Collection entries:
-- Opening Marker --
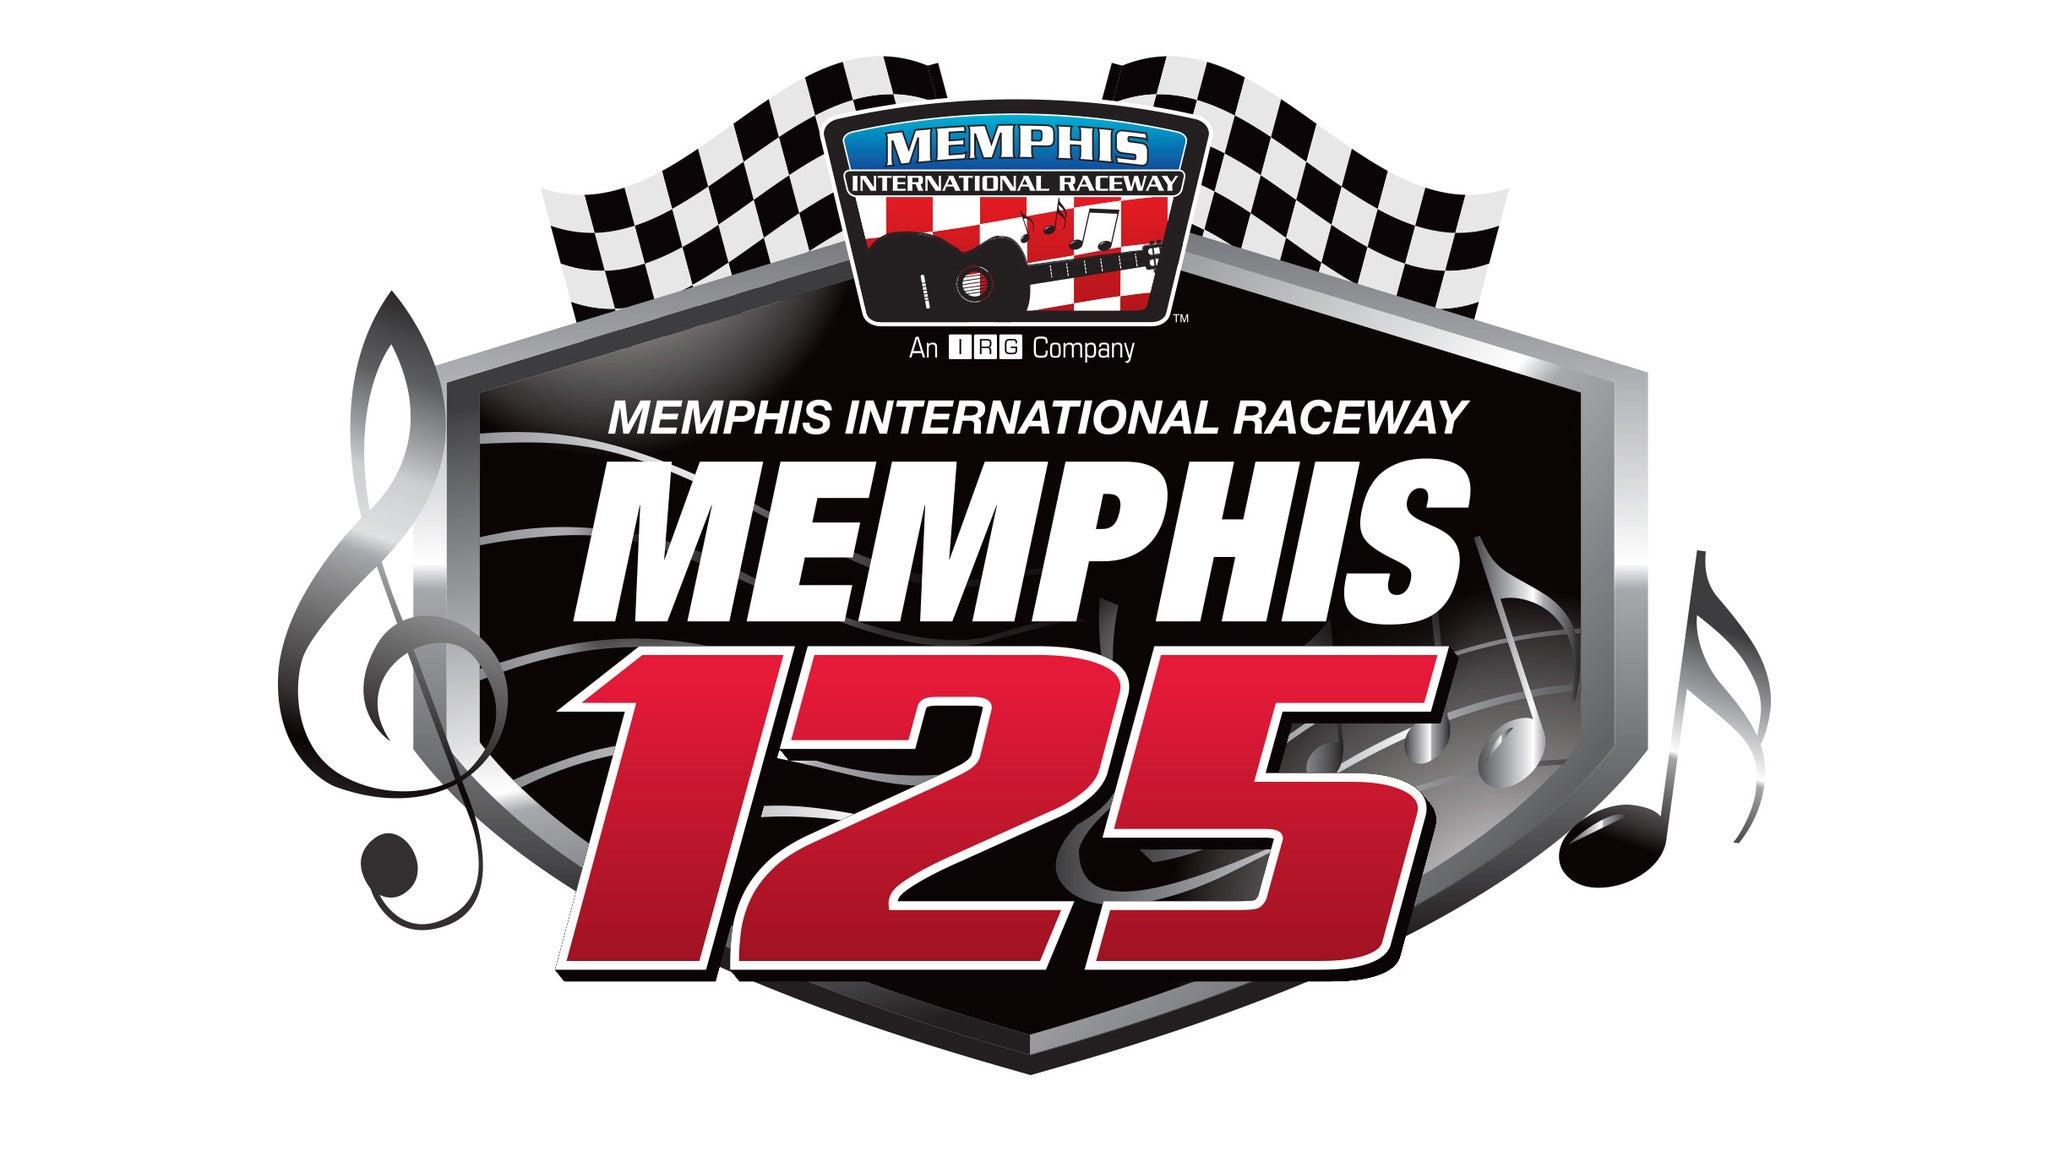 Memphis 125 Open Practice at Memphis International Raceway
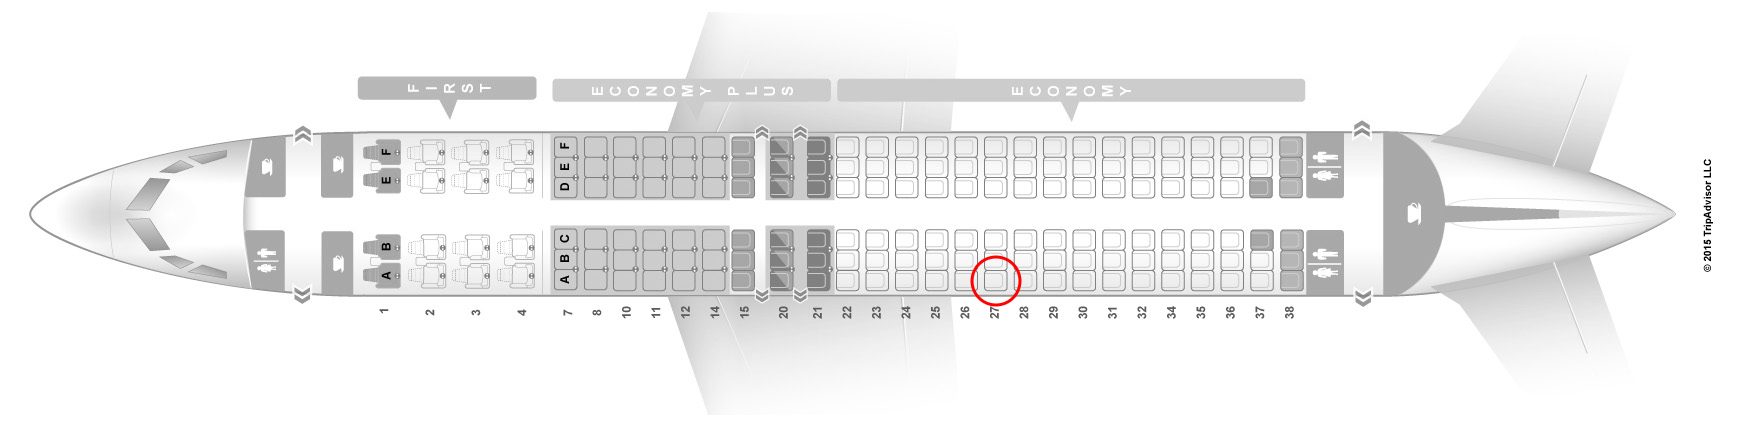 united 737-800 seat map
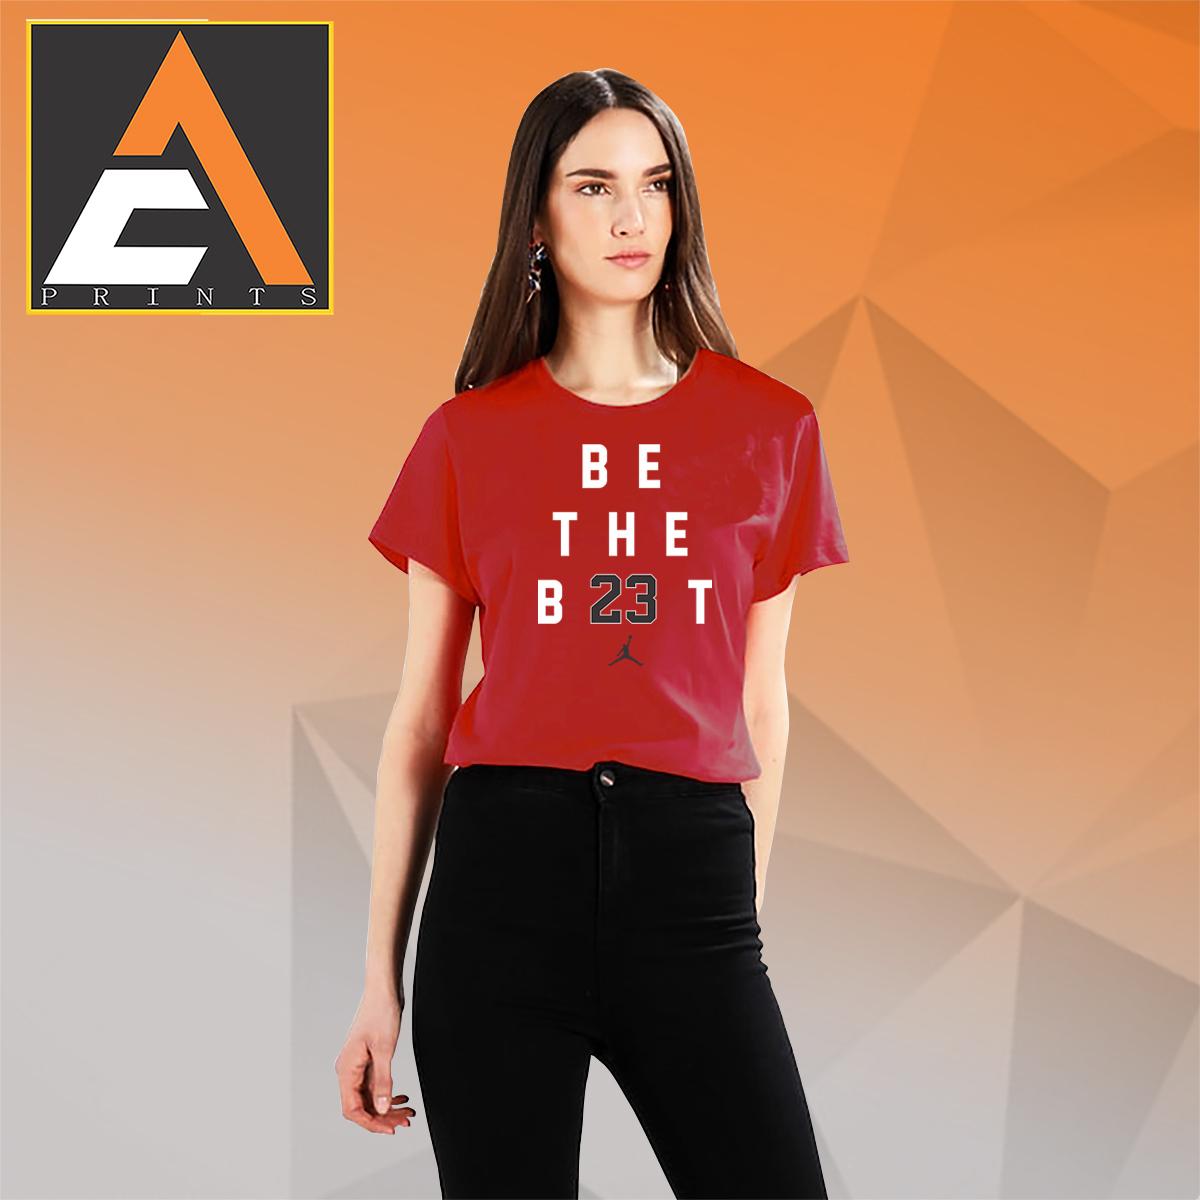 25db3cb9e6e Specifications of Jordan shirt Michael Jordan shirt Basketball tshirt  Basketball shirt AIR Shirt Unisex(Men/Women)(Male/Female)(Gildan) T-shirts  Tees T ...
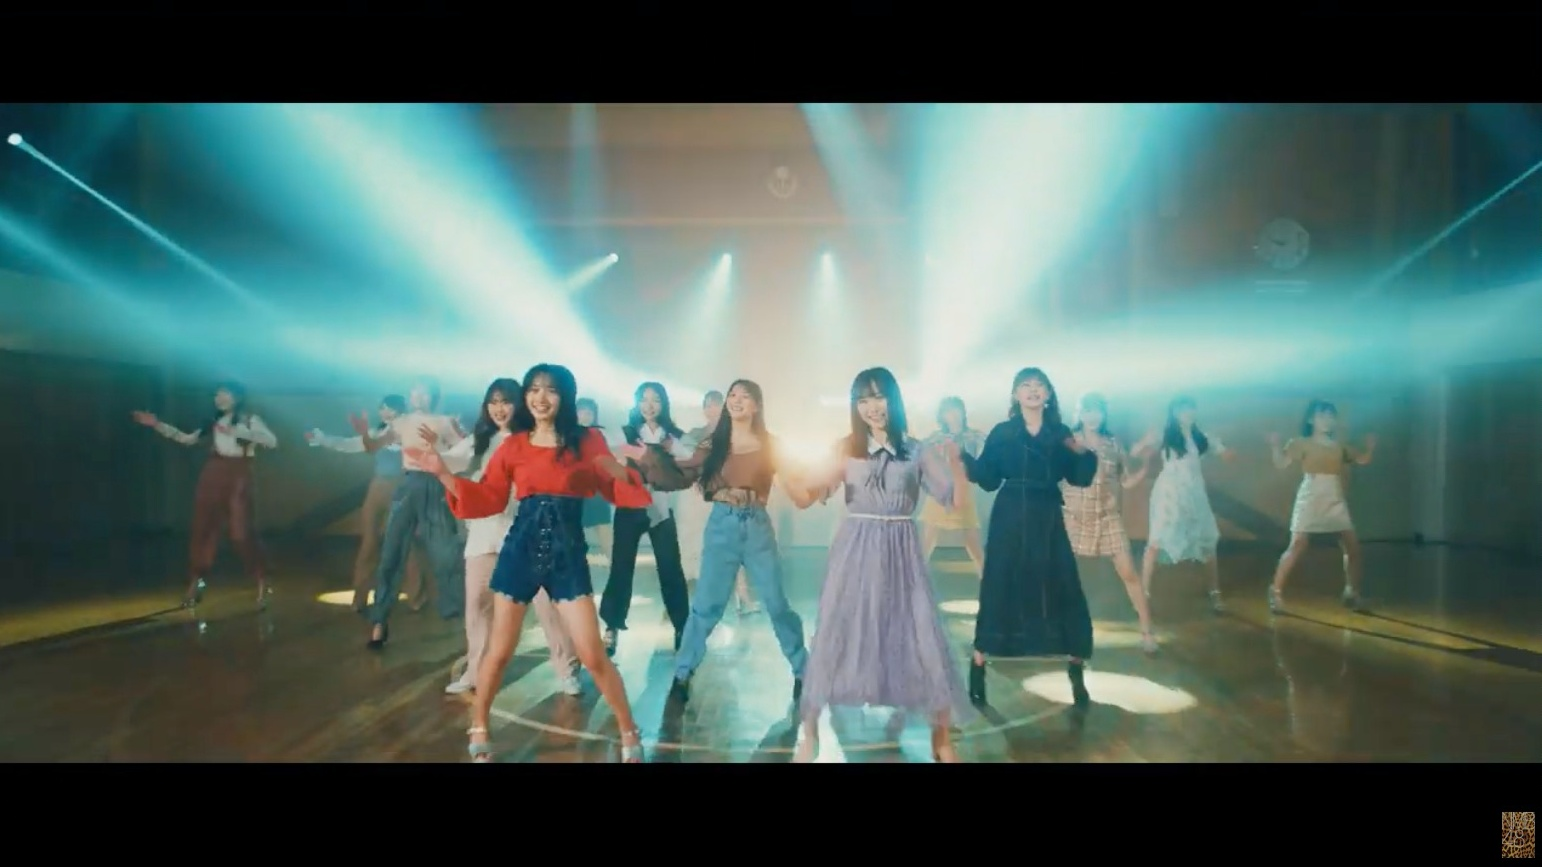 【NMB48】23rdシングル「だってだってだって」ミュージックビデオがYou Tubeで公開
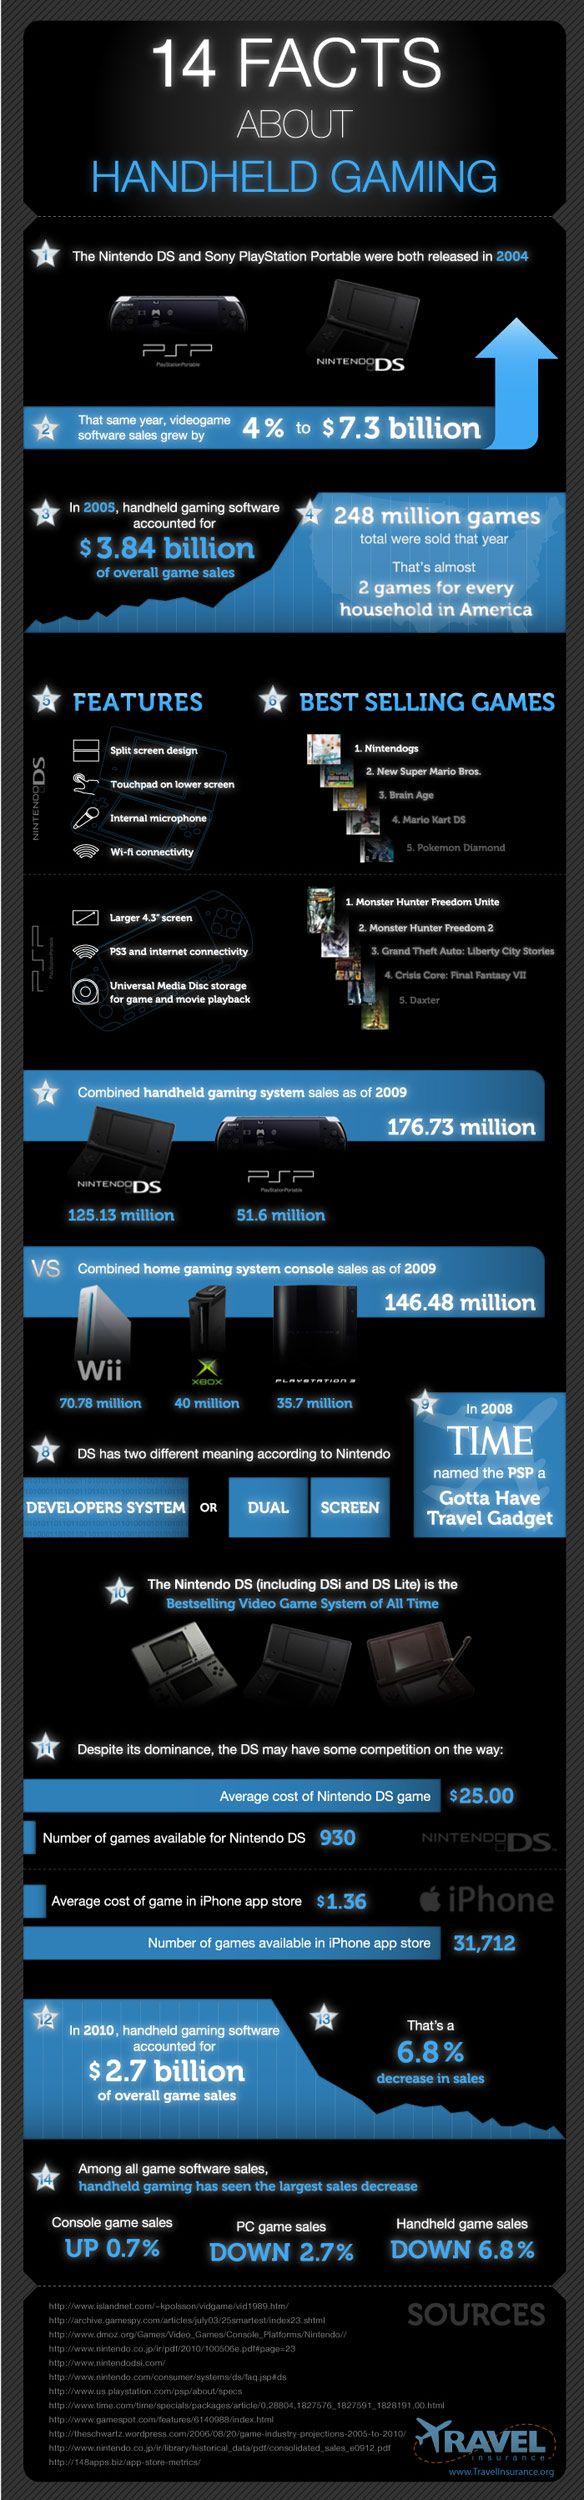 Handheld Gaming Best Minecraft Servers Gameboy Gaming Facts
-- Closing Marker --
◆ TASK DETAILS
Leave out the pictures and transcribe the entries above exactly.

◆ ANSWER
 Memphis 125 Open Practice at Memphis International Raceway
 united 737-800 seat map
 25db3cb9e6e Specifications of Jordan shirt Michael Jordan shirt Basketball tshirt  Basketball shirt AIR Shirt Unisex(Men/Women)(Male/Female)(Gildan) T-shirts  Tees T ...
 【NMB48】23rdシングル「だってだってだって」ミュージックビデオがYou Tubeで公開
 Handheld Gaming Best Minecraft Servers Gameboy Gaming Facts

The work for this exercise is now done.